The structure looks something like this:
- a header
- an array of bookmark locations
- an array of highlight start/end locations (pairs of #pdfloc tags)
- an array of notes (single #pdfloc tags)

Since the Kindle's reader app is Java, perhaps this uses Java serialization APIs to write/read these files and someone familiar with that might be able to make more sense of everything than I can.

But even without understanding it fully, you could probably at least extract bookmark locations and notes pretty easily with a script, and then (with more specialized PDF knowledge) have those results fed to a script to add them to the PDF's annotation layer so that Adobe Reader etc. could see them. It would also be useful to be able to create new .pdr's from scratch (i.e. so you could extract some of the PDF annotations and make them viewable/editable on Kindle).
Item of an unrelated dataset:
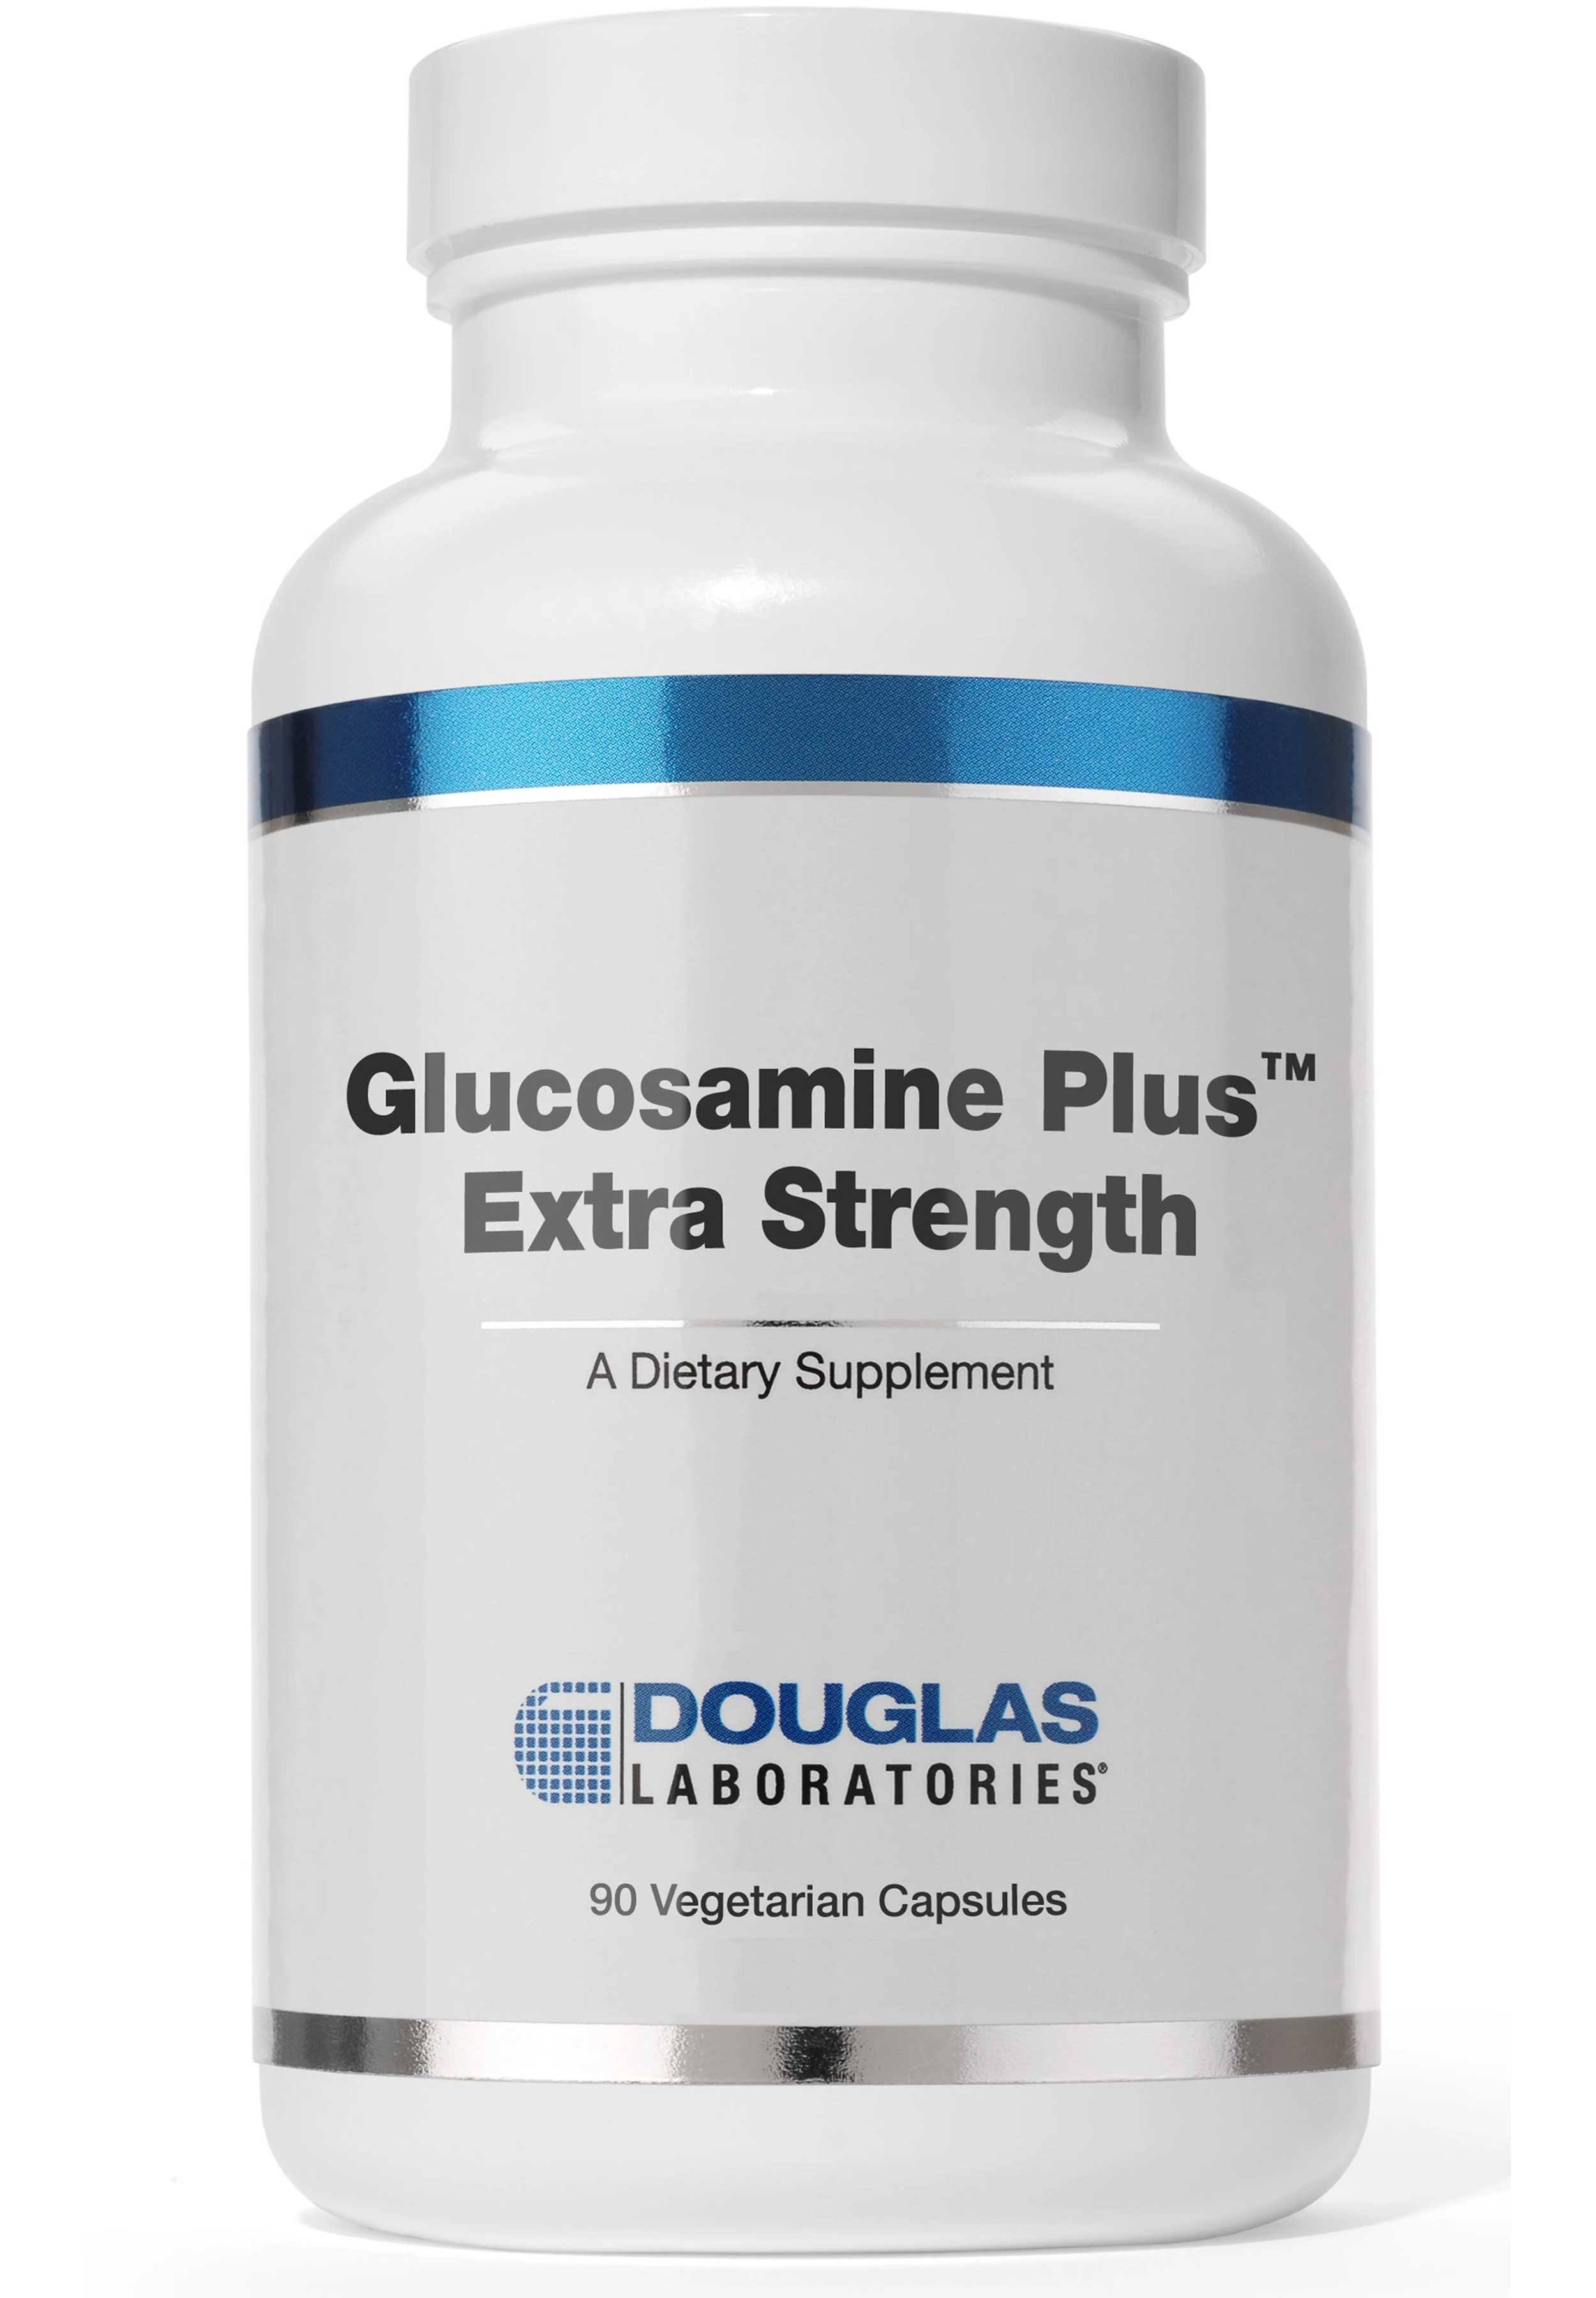 Douglas Laboratories - Glucosamine Plus Extra Strength - 90 Capsules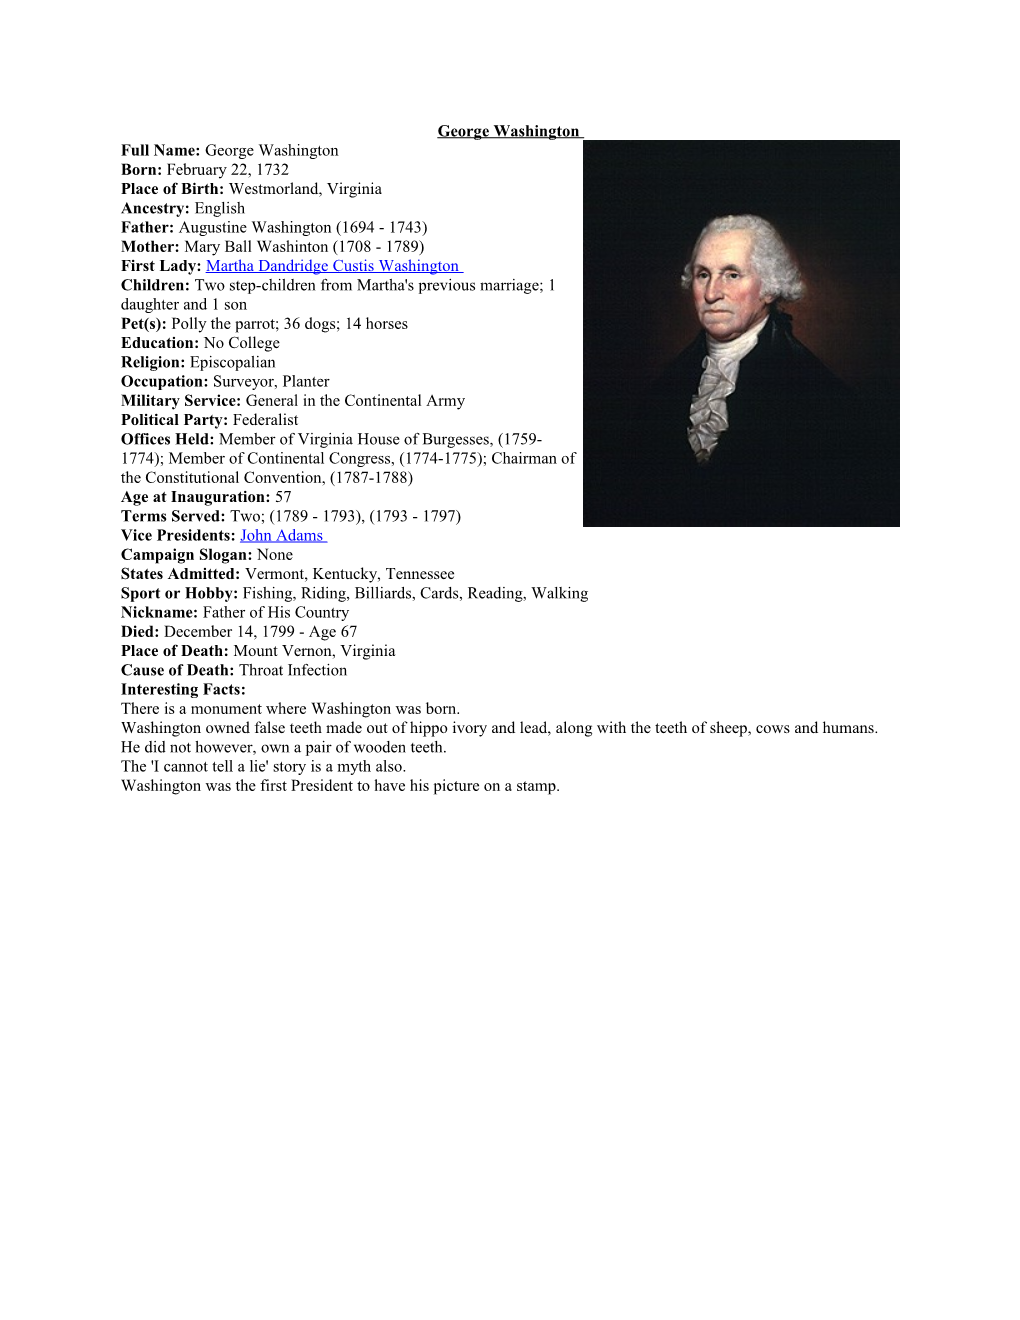 George Washington s2

Note that whether you like this or not, Kindle will display overlaid PDF highlights and text/graphic annotations made with Adobe Reader/Acrobat etc. and show a 'sticky note' icon where there is a sticky note annotation - but these are all 'read only' and likely to remain that way. I don't think Amazon is motivated enough to do full and genuine PDF annotation support on Kindle. It might have been nice a couple of years ago, but now there is iPad and other tablets which will remain much more capable for PDF annotation even if Amazon added everything they could think of in terms of PDF features.


----------



## kindleuser (Nov 12, 2010)

Yes, indeed it looks feasible to reverse engineer the format and obtain the data.
Unfortunately, there does not seem to exist an official documentation by Amazon.
The more difficult part is likely to add the data to the PDF. But maybe there 
are libraries or tools around to do that.


----------



## NogDog (May 1, 2009)

kindleuser said:


> ...
> The more difficult part is likely to add the data to the PDF. But maybe there
> are libraries or tools around to do that.


PDFlib, perhaps?


----------



## NiLuJe (Jun 23, 2010)

Calibre (among other things) is using podofo (And poppler on the rendering side).


----------